Introduction
Introduction Statistics Contact Development Disclaimer Help
# taz.de -- Musikmesse Atlantic Music Expo: Das Nervenzentrum der Kapverden
> Vier Tage lang traf sich die internationale Musikszene im in Praia.
> Hunderte Zuschauer flanierten durch die Stadt und genossen
> Gratiskonzerte.
Bild: Lässt die Toten wiederauferstehen: Afrotronix und Band in Praia, April 2…
Eine sanfte Brise weht vom Atlantik über Praia. Wie von ihr getragen,
wandert das Festivalpublikum durch die Straßen der Hauptstadt der
Kapverden. Zwei Bühnen, die abwechselnd bespielt werden, stehen im
Stadtzentrum: Eine befindet sich an der verkehrsberuhigten Rua Piedonal mit
ihren bunten Häuserfassaden im Kolonialstil, die andere auf dem begrünten
Platz Albuquerque zwei Blocks weiter.
Gerade hat der Guineer Djeli Moussa Condé seine Kora unter frenetischem
Applaus auf der einen Bühne abgelegt, gleich wird auf der anderen der
Lokalheld Puto Makina seine energetische Mischung aus Afrobeat und Kizomba
zum Besten geben. Danach wird wieder gemeinsam flaniert, um dem
brasilianischen Singer-Songwriter Naldinho Freire zu lauschen. Hunderte
Zuschauer sind auf den Straßen Praias unterwegs, stets begrüßt von neuen
Klängen.
Vier Tage lang wird Praia mit seinen 140.000 Einwohnern so zum Ort der
Begegnung. Die Gratiskonzerte, bei denen lokale und internationale
MusikerInnen von beiden Seiten des Atlantiks zu entdecken sind, finden im
Rahmen der Atlantic Music Expo (AME) statt. Seit 2012 hat sich die
Musikmesse, die neben den 30 Konzerten und DJ-Auftritten auch Konferenzen
und einen professionellen Markt bietet, zu einem wichtigen Akteur der
Branche entwickelt. Dieses Jahr sind 500 TeilnehmerInnen aus 35 Ländern
angereist.
## In Praia ist man sehr offen
Michaël Christophe, Ex-Leiter des Festivals „TransAmazoniennes“ in seiner
französisch-guyanischen Heimat und nun Produzent des „Mondokarnaval“ in
Québec ist gekommen und schwärmt: „Ich komme, um in Kanada etablierte
Künstler international sichtbarer zu machen. Diese übersichtliche
Musikmesse hier ist dafür bestens geeignet.“ In Praia scheint man
tatsächlich sehr offen. Michaël Christophe erzählt wie er binnen kürzester
Zeit ein Studio organisierte, damit der kanadische Gitarrist Shaun Ferguson
und die kapverdische Sängerin Lucibela spontan zwei Songs einspielen
konnten.
Auch zu Mittag auf dem Gemüsemarkt und bei den nachmittäglichen Konzerten
im Patio des Palácio da Cultura plaudert man nebenbei entspannt. Etwa mit
dem ugandischen Poet Kabubi Herman über den Umzug des multidisziplinären
Festivals „Bayimba“ auf eine Insel mitten im Viktoriasee. Oder mit Limam
Kane alias Monza, dem mauretanischen Rapper. Er hat des „Assalamalekoum
Urban Culture Festival“ gegründet und in seiner Heimat ständig auf der
Suche, nach Mitstreitern und neuen Kulturorten.

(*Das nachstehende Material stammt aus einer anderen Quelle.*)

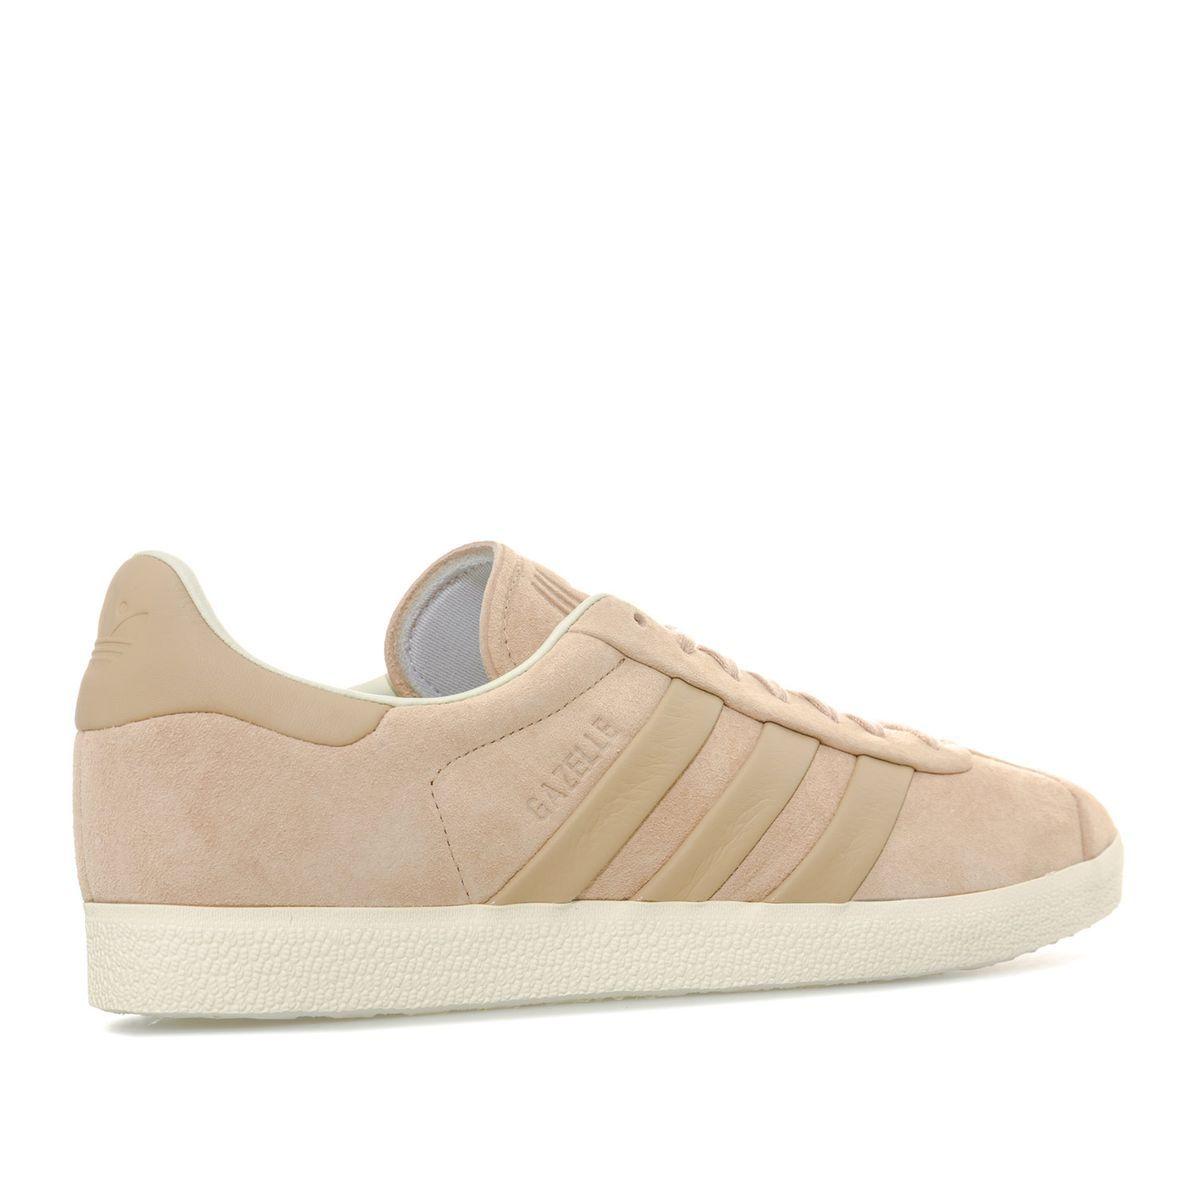 Baskets Gazelle Stitch-and-turn - Taille : 43 1/3 | Chaussure ado ...

Und wenn die Übersetzerin mal ausfällt, springt niemand geringerer als José
da Silva ein. Das Multitalent, einst Manager von Morna-Königin Cesária
Évora, gründete 2008 das „Kriol Jazz Festival“ (KJF), das im direkten
Anschluss an die AME auf den Kapverden und ebenfalls in Praia stattfindet.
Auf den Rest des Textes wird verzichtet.